Unlike NAT Gateways, NAT instances do not suffer from data processing charges. With NAT instances, you pay for:
- The cost of the EC2 instances
- Data transfer out of AWS (the same as NAT Gateway)
- The operational expense of maintaining EC2 instances
Of these, at scale, outbound data transfer is the most significant. Outbound data transfer is priced on a sliding scale based on the amount of traffic. Inbound data transfer is free. It is this asymmetry that alterNAT leverages to save on the punishing data processing charges of NAT Gateway.
Consider the cost of transferring that same 5TB inbound and 5TB outbound through a NAT instance. Using the EC2 Data Transfer sliding scale for egress traffic and a c6gn.large
NAT instance (optimized for networking), the cost comes to about $526. This is a $428 per month savings (~45%) compared to the NAT Gateway. The more data processed - especially on the ingress side - the higher the savings.
NAT instances aren't for everyone. You might benefit from alterNAT if NAT Gateway data processing costs are a significant item on your AWS bill. If the hourly cost of the NAT instances and/or the NAT Gateways are a material line item on your bill, alterNAT is probably not for you. As a rule of thumb, assuming a roughly equal volume of ingress/egress traffic, and considering the slight overhead of operating NAT instances, you might save money using this solution if you are processing more than 10TB per month with NAT Gateway.
Features:
- Self-provisioned NAT instances in Auto Scaling Groups
- Standby NAT Gateways with health checks and automated failover, facilitated by a Lambda function
- Vanilla Amazon Linux 2 AMI (no AMI management requirement)
- Optional use of SSM for connecting to the NAT instances
- Max instance lifetimes (no long-lived instances!) with automated failover
- A Terraform module to set everything up
- Compatibility with the default naming convention used by the open source terraform-aws-vpc Terraform module
Read on to learn more about alterNAT.
The two main elements of the NAT instance solution are:
- The NAT instance Auto Scaling Groups, one per zone, with a corresponding standby NAT Gateway
- The replace-route Lambda function
Both are deployed by the Terraform module located in modules/terraform-aws-alternat
.
The solution deploys an Auto Scaling Group (ASG) for each provided public subnet.
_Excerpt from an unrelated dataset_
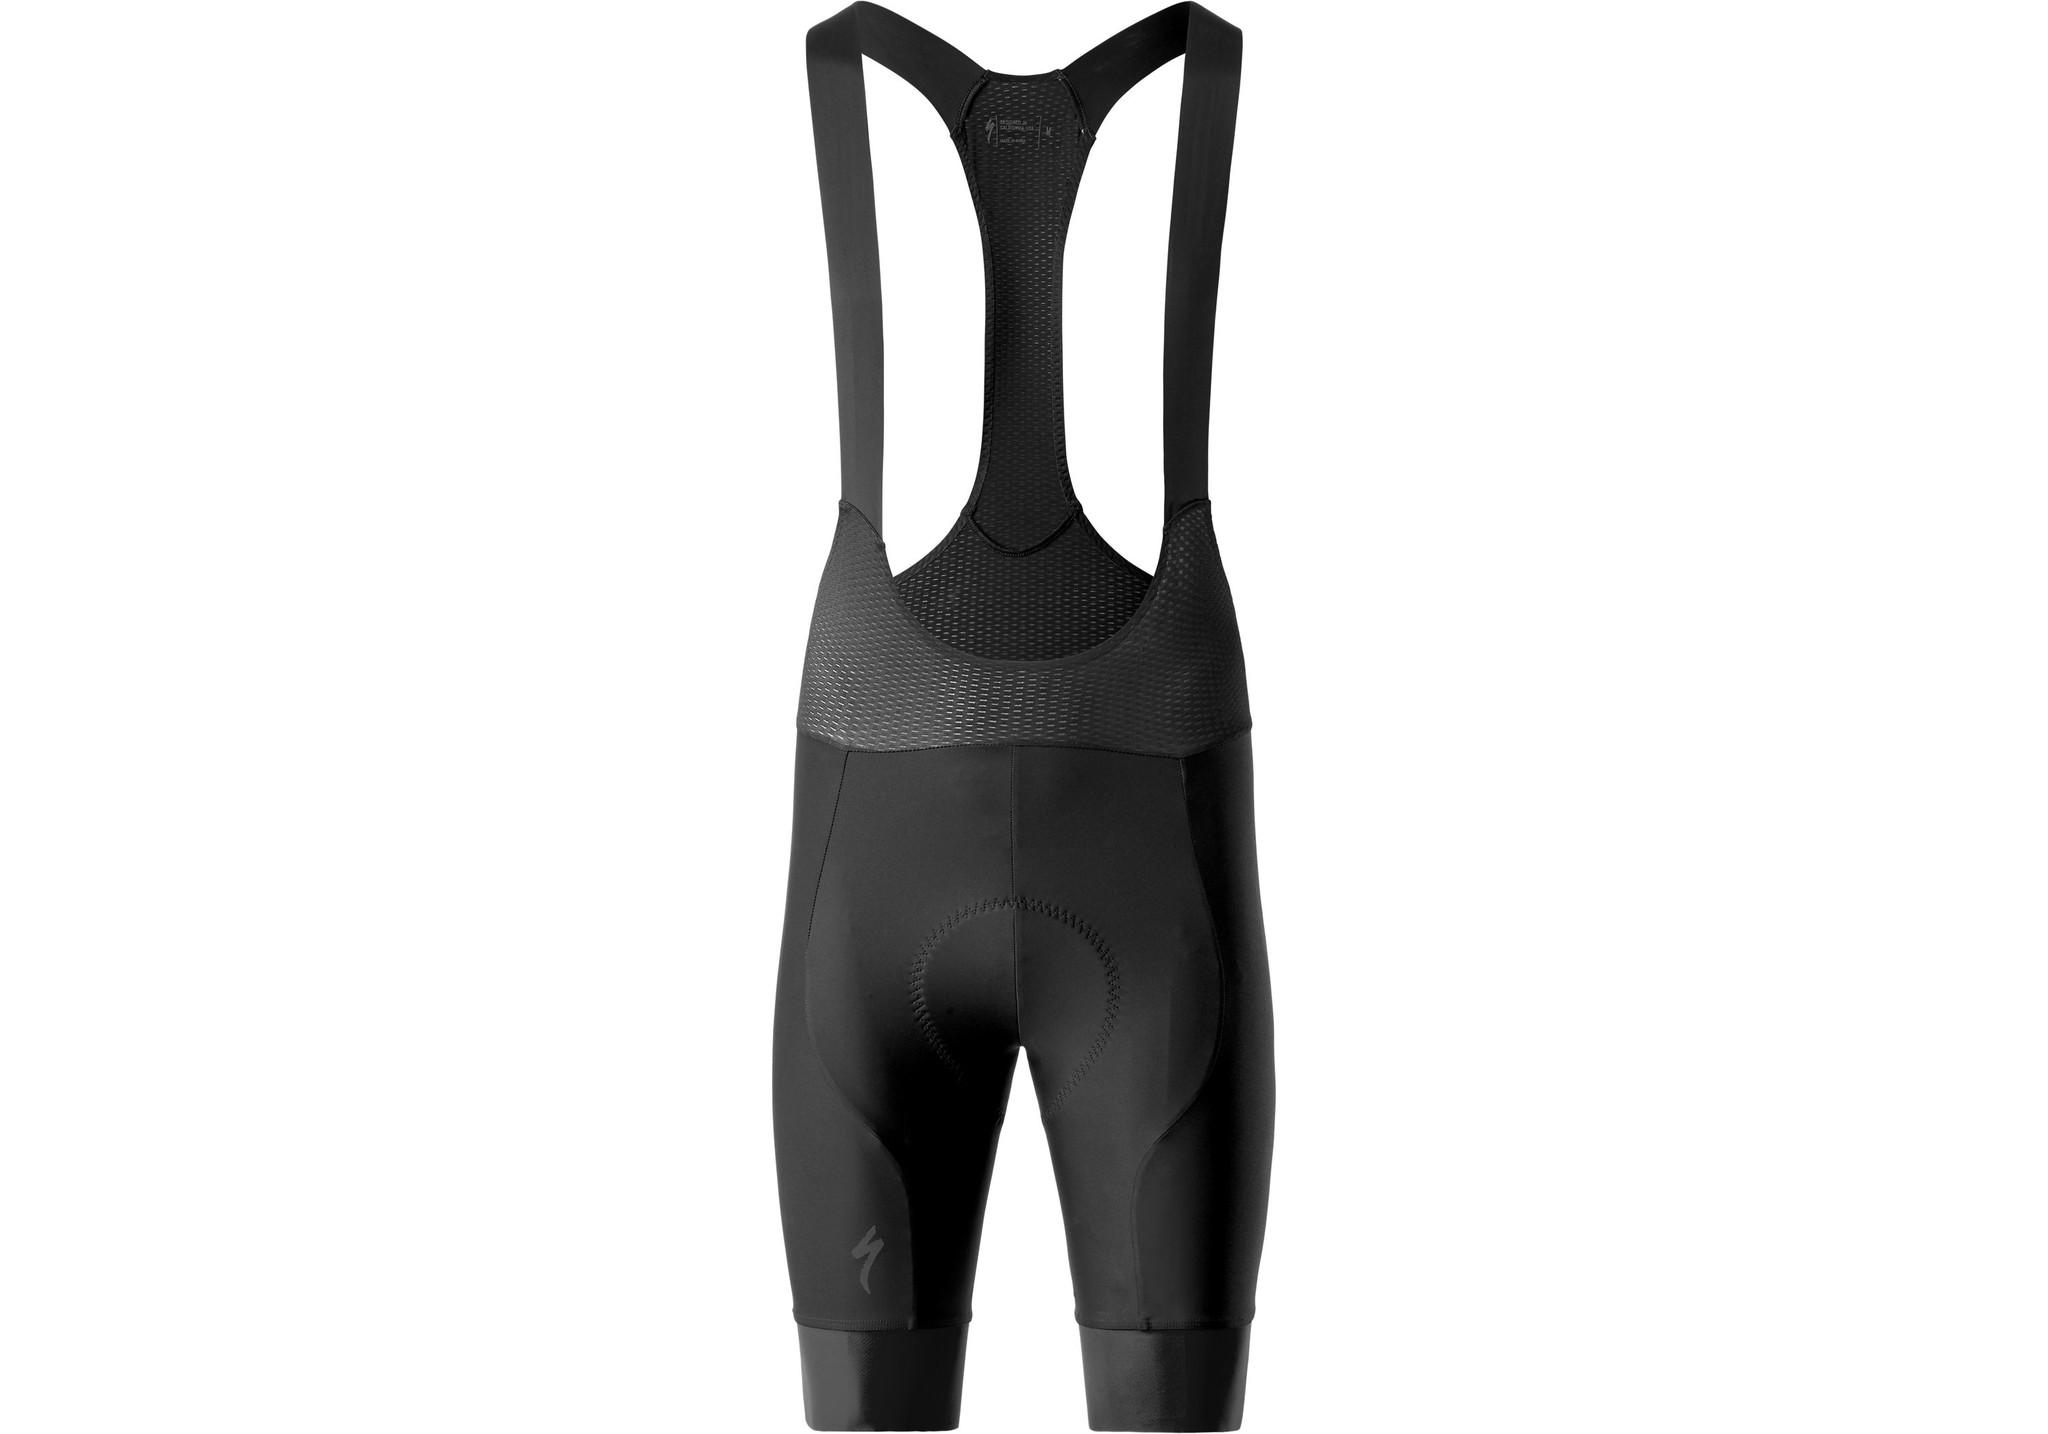 Specialized Specialized SL Race Bib Shorts

Each ASG contains a single instance. When the instance boots, the user data initializes the instance to do the NAT stuff.
By default, the ASGs are configured with a maximum instance lifetime. This is to facilitate periodic replacement of the instance to automate patching. When the maximum instance lifetime is reached (14 days by default), the following occurs:
- The instance is terminated by the Auto Scaling service.
- A
Terminating:Wait
lifecycle hook fires to an SNS topic. - The replace-route function updates the route table of the corresponding private subnet to instead route through a standby NAT Gateway.
- When the new instance boots, its user data automatically reclaims the Elastic IP address and updates the route table to route through itself.
The standby NAT Gateway is a safety measure. It is only used if the NAT instance is actively being replaced, either due to the maximum instance lifetime or due to some other failure scenario.
The purpose of the replace-route Lambda Function is to update the route table of the private subnets to route through the standby NAT gateway. It does this in response to two events:
- By the lifecycle hook (via SNS topic) when the ASG terminates a NAT instance (such as when the max instance lifetime is reached), and
- by a CloudWatch Event rule, once per minute for every private subnet.
When a NAT instance in any of the zonal ASGs is terminated, the lifecycle hook publishes an event to an SNS topic to which the Lambda function is subscribed. The Lambda then performs the necessary steps to identify which zone is affected and updates the respective private route table to point at its standby NAT gateway.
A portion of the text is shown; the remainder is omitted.